Il sindaco ghostbuster a caccia di cittadini fantasma. Mancherebbero all'appello 4mila residenti

Venerdì 8 Ottobre 2021 di Luca Marcolini
Ascoli sta perdendo residenti

ASCOLI - Dietro i freddi e spietati numeri delle statistiche demografiche ufficiali, con residenti in costante calo ormai da più di un decennio, nel capoluogo piceno si nasconde, di fatto, una realtà diversa. Una realtà che vede, come confermato dal sindaco Marco Fioravanti a seguito di riscontri, la presenza di almeno 4mila persone che pur vivendo regolarmente in città hanno la residenza altrove. Si tratta, in pratica, di cittadini-fantasma. Ovvero persone che, pur abitando ad Ascoli, non figurano nella casella “residenti” delle elaborazioni Istat e dell’Ufficio anagrafe dell’Arengo. 

 

La stessa casella che attualmente evidenzia meno di 47mila unità (per la precisione siamo a quota 46.760), con il risultato di mostrare ufficialmente un calo costante e al tempo stesso preoccupante che ha portato il capoluogo a scivolare, dal punto di vista della popolazione, al secondo posto in provincia dietro San Benedetto. Dunque, di fronte a questo scenario reale e non rappresentato dalle statistiche, emerge una città che non ha perso molti abitanti, bensì residenti. E su questo fronte, nell’ambito della strategia avviata dal sindaco Fioravanti per il ripopolamento di Ascoli, a fianco ai progetti finanziati dal bando Pinqua con 90 milioni di euro per rivitalizzare e riportare la gente ad abitare in centro e nelle frazioni, l’amministrazione comunale sta studiando ulteriori incentivi e agevolazioni, dopo l’esenzione della Tari per 3 anni, per convincere tanti ascolani a riprendere la residenza in città. E invertire, quindi, la tendenza. 
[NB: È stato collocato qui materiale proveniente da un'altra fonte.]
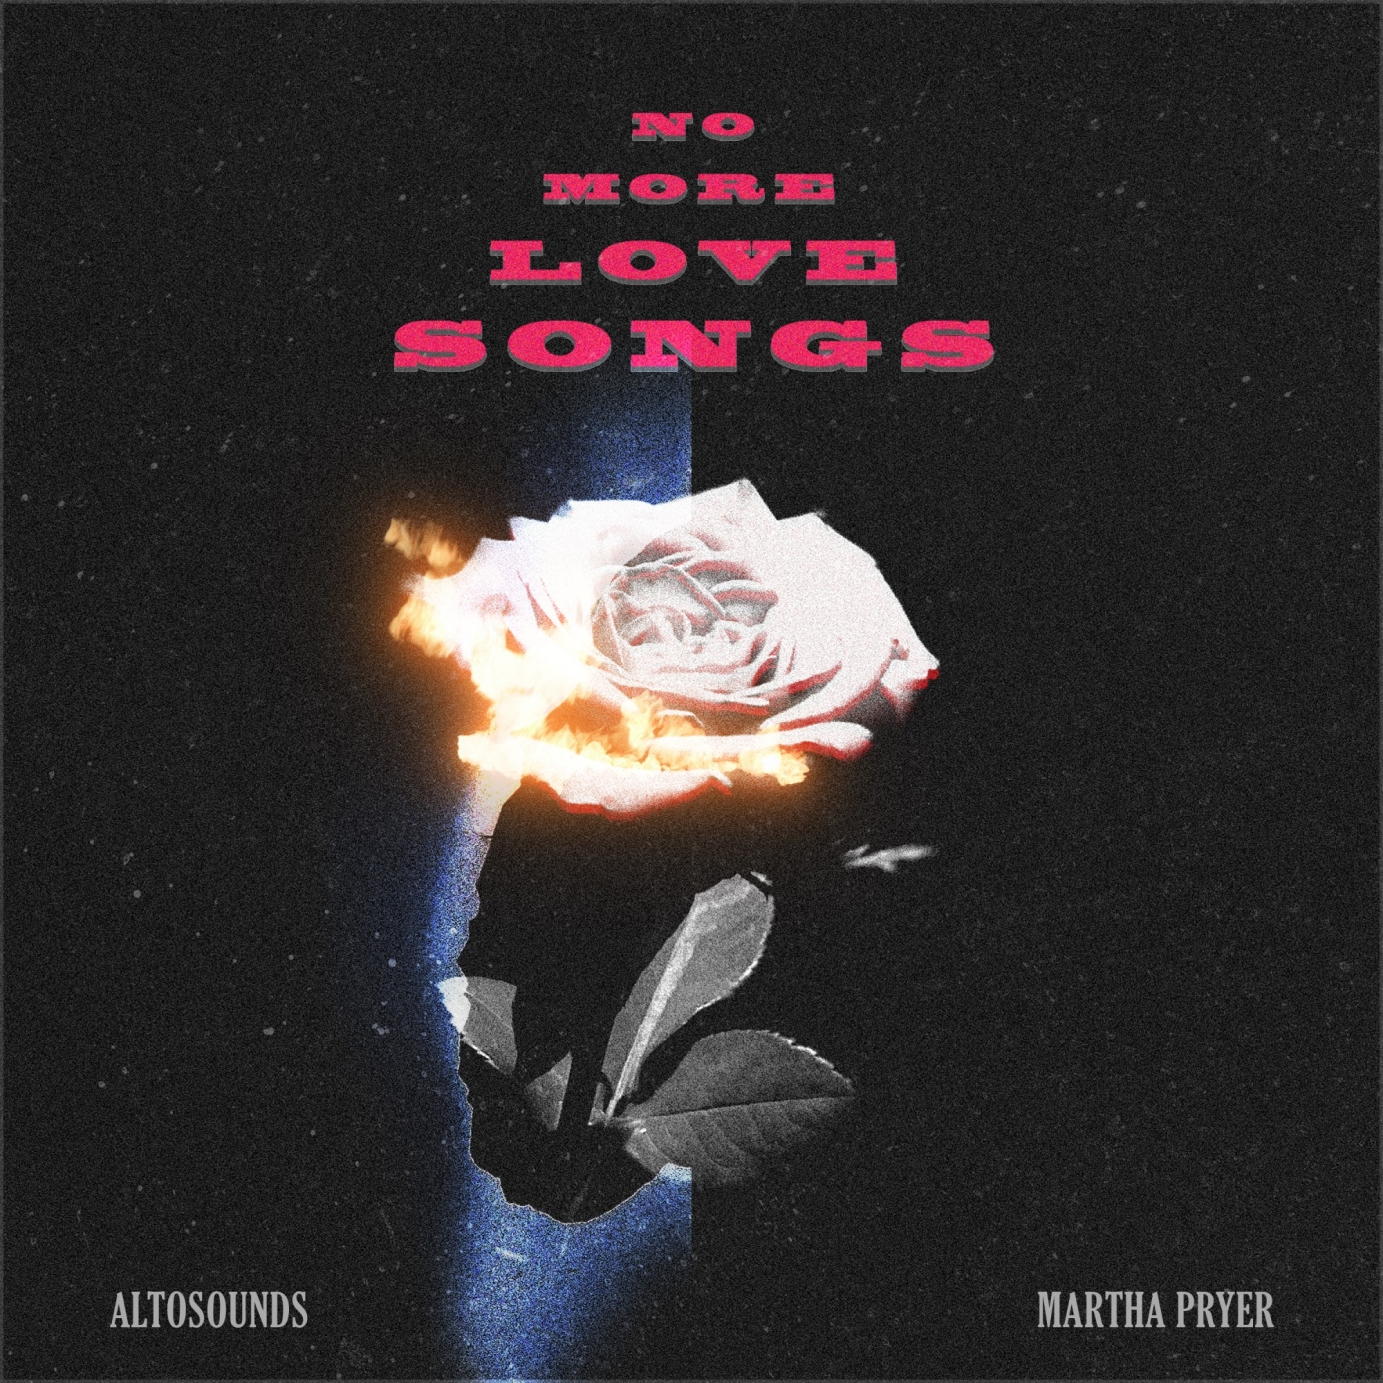 Cover Artwork for "No More Love Songs"

«Voglio fare un appello a molti ascolani – ha dichiarato Fioravanti durante la trasmissione televisiva “Il dito nella piaga” andata in onda ieri su Tvrs – che vivono in città, ma hanno la residenza altrove. Li invito a riportare la residenza qui, perché è importante. In realtà, alla luce di questo fenomeno, l’Istat parla di meno di 47mila residenti, ma ci sono circa 4mila persone che vivono ad Ascoli ma hanno la residenza in un altro Comune. In questa direzione, stiamo studiando un nuovo sistema di incentivazione, per convincere, quindi, tanti a tornare ad abitare qui o a recuperare la residenza nel nostro Comune attraverso delle agevolazioni. A tal proposito, finora abbiamo già concesso ai nuovi residenti una esenzione della tassa sui rifiuti per 3 anni, proprio per premiare chiunque decida di venire a vivere da queste parti». Certo è che, sulla base dei riscontri avuti dal sindaco Fioravanti, se circa 4mila abitanti che vivono ad Ascoli hanno la residenza in altre località, si prospetta un nuovo punto di vista riguardo la reale consistenza della popolazione presente sul territorio. 
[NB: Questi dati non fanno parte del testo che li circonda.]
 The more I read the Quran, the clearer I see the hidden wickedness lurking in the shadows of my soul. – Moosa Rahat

Ma questo fenomeno produce un evidente effetto negativo dal punto di vista demografico ufficiale. E forse non solo demografico. C’è da aggiungere, inoltre, che ad incidere sullo spopolamento c’è anche l’effetto terremoto che, dopo 5 anni, non ha visto ancora rientrare in città tanti tra coloro che hanno dovuto lasciare l’abitazione inagibile. La strategia del sindaco e dell’amministrazione per riportare residenti ufficiali si basa, dunque, a medio termine su un possibile pacchetto di incentivi e agevolazioni, a rafforzare il provvedimento di esenzione triennale della Tari per chiunque prenda la residenza in città. A più lungo termine, invece, si punta con convinzione sulla residenzialità con la formula dell’housing sociale, con appartamenti a canoni calmierati. Nel frattempo, però, non manca qualche segnale positivo, con qualche nucleo familiare di altre città italiane che ha scelto, proprio nelle ultime settimane, di trasferirsi ad Ascoli.